━━ DATA UNDER STUDY

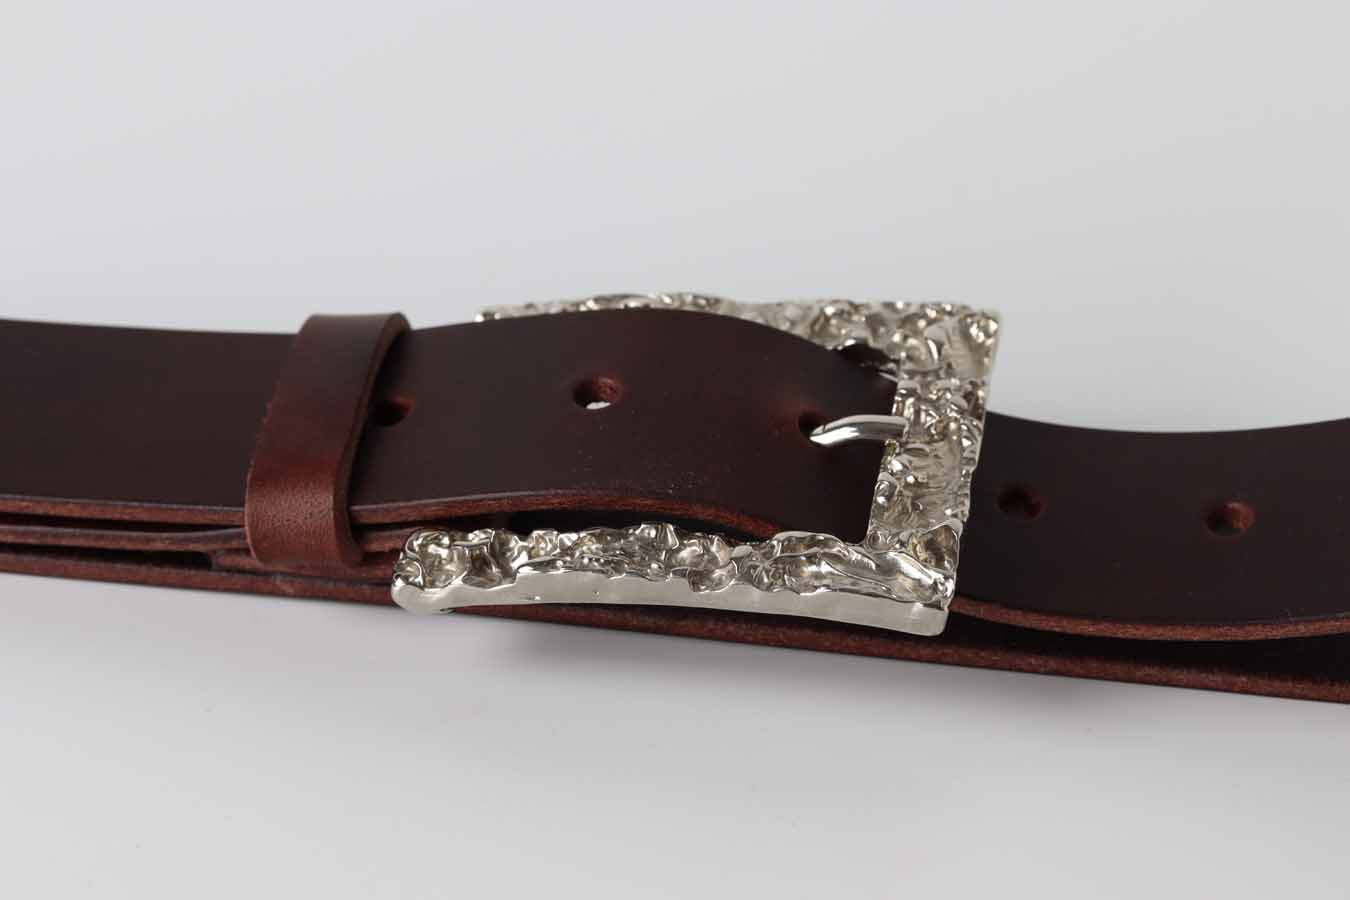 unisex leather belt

━━━━
━━ DATA UNDER STUDY

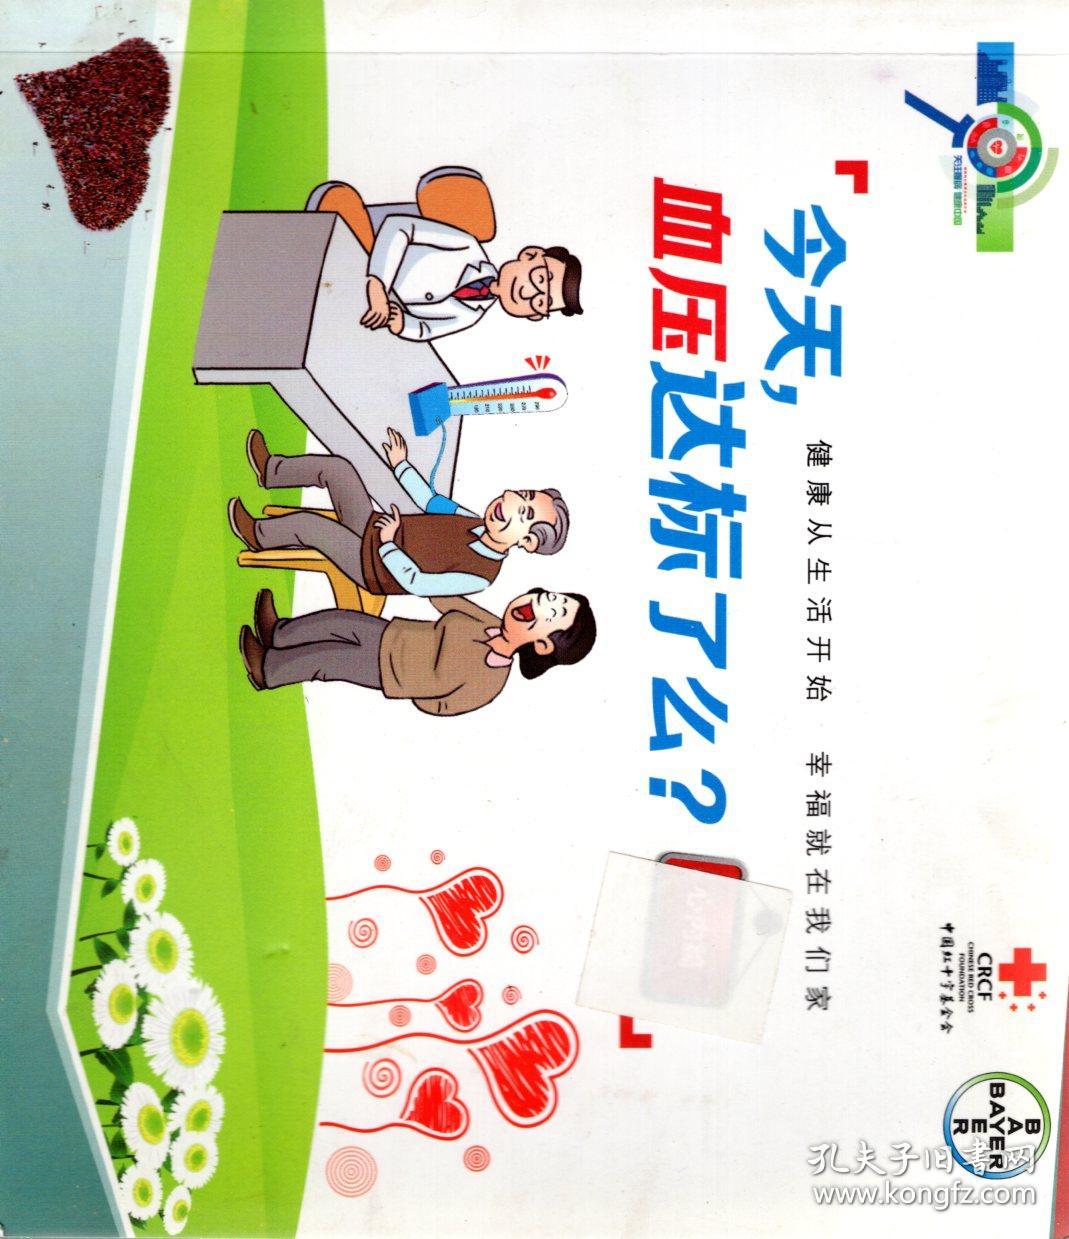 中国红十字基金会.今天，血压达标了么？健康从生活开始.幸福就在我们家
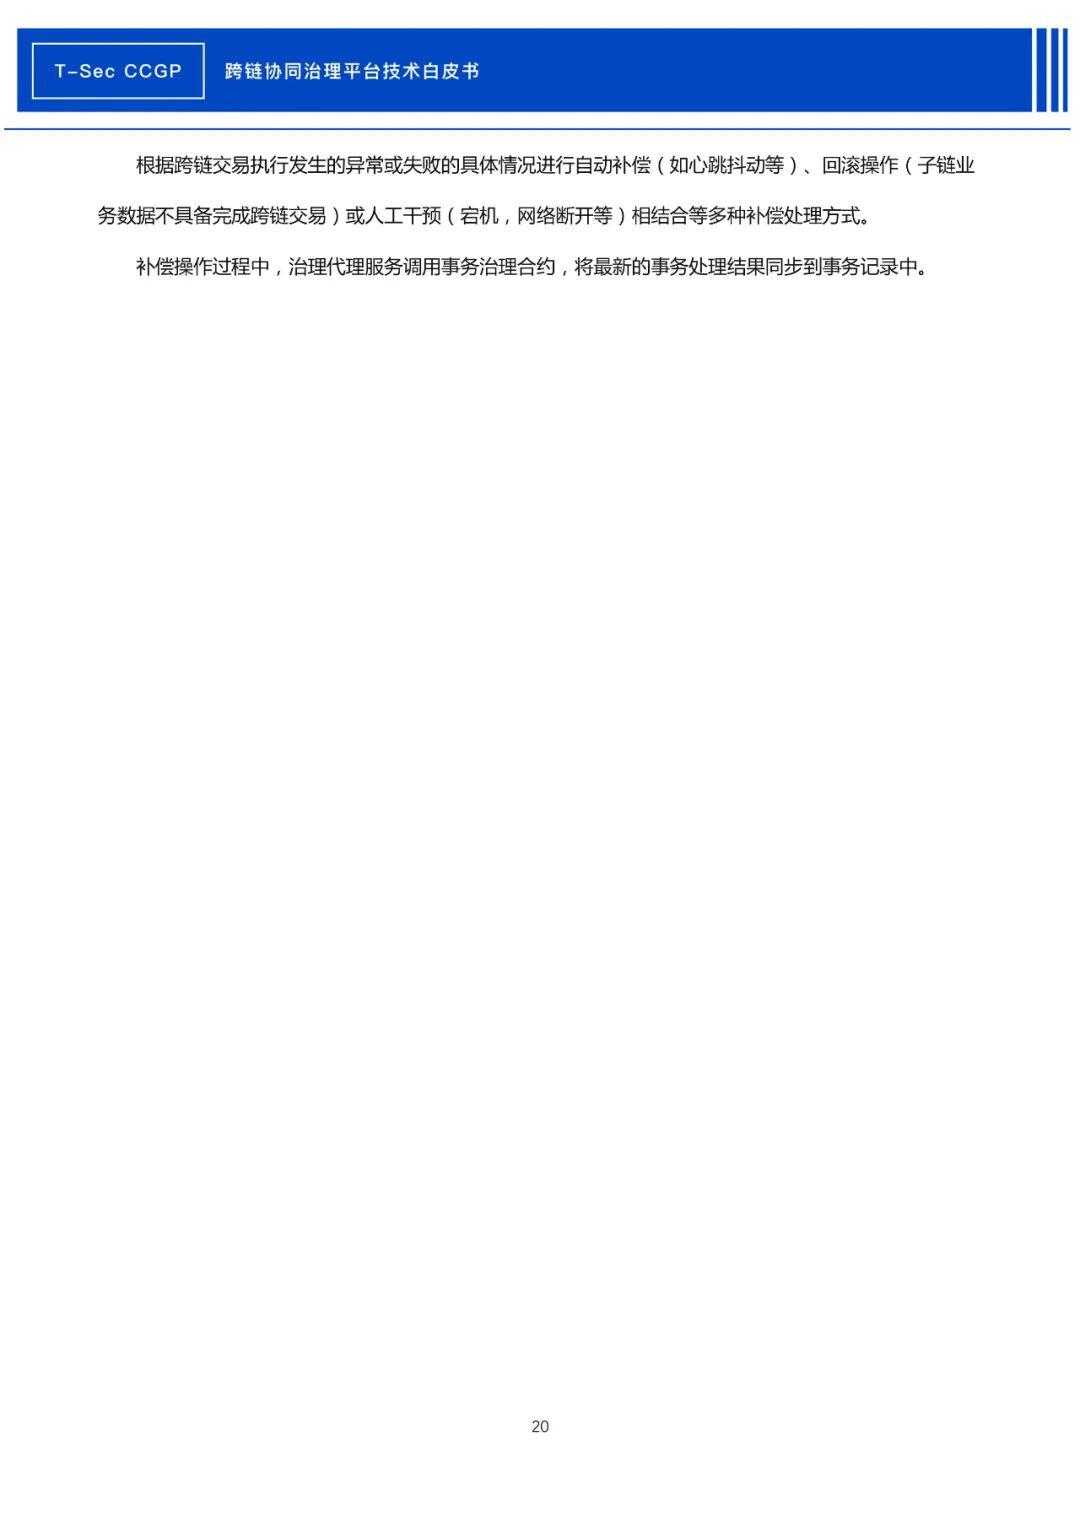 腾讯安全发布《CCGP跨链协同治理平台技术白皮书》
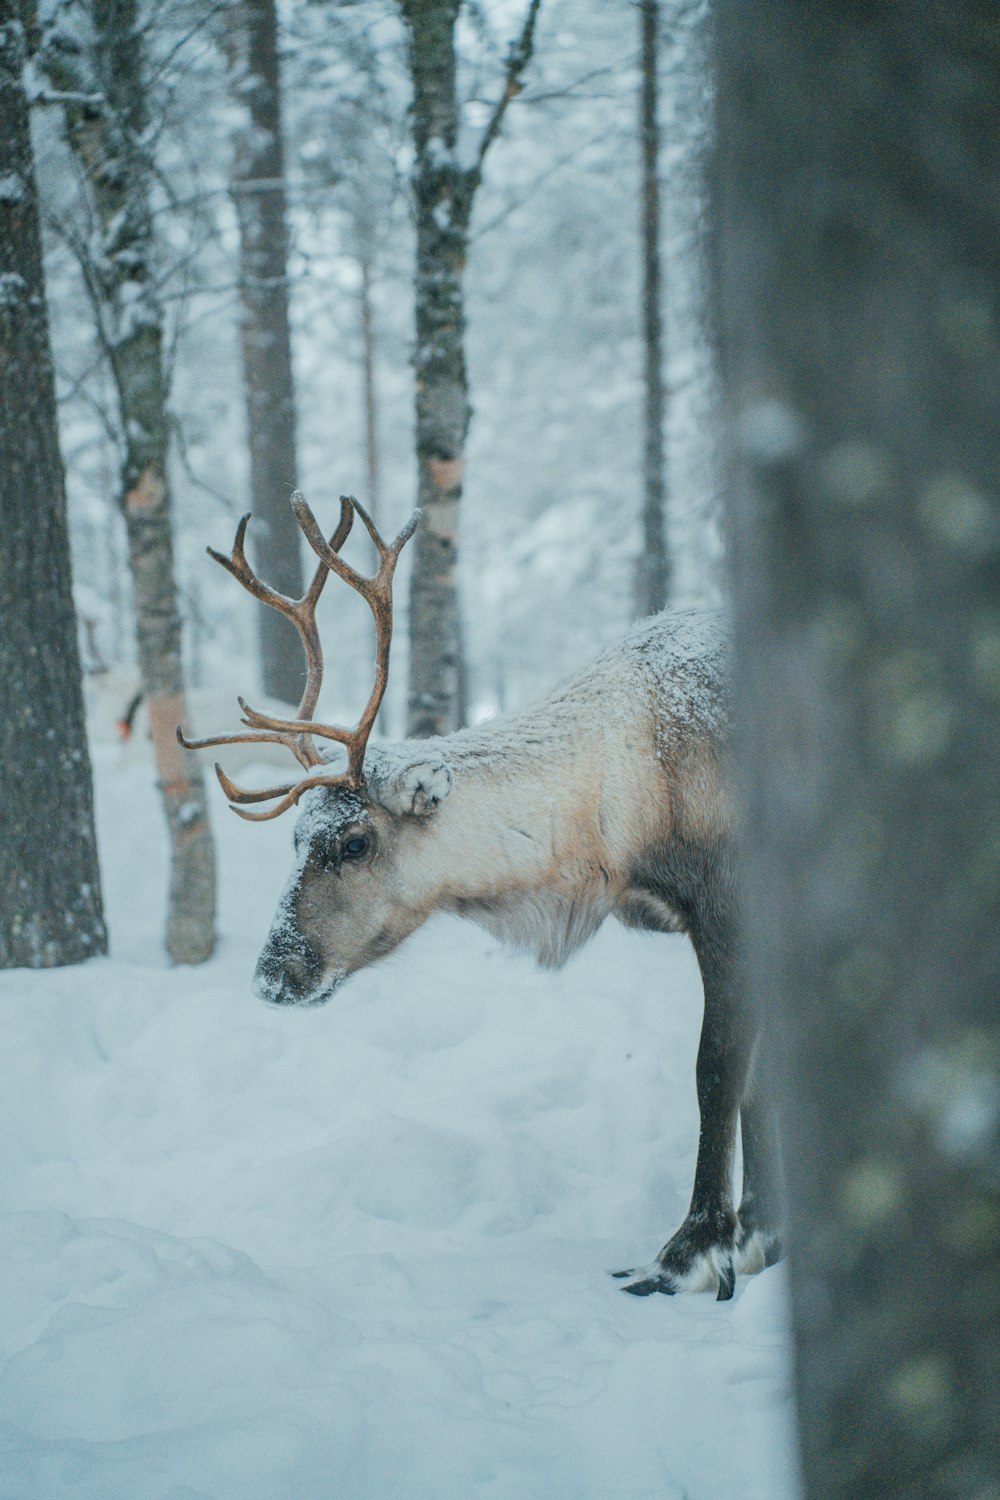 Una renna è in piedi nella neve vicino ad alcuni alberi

━━━━

Using the data above, return the lines from the one holding "腾讯安全发布《CCGP跨链协同治理平台技术白皮书》" through the one holding "Una renna è" exactly, but not the pictures.

ANSWER BELOW>
 腾讯安全发布《CCGP跨链协同治理平台技术白皮书》
 Una renna è in piedi nella neve vicino ad alcuni alberi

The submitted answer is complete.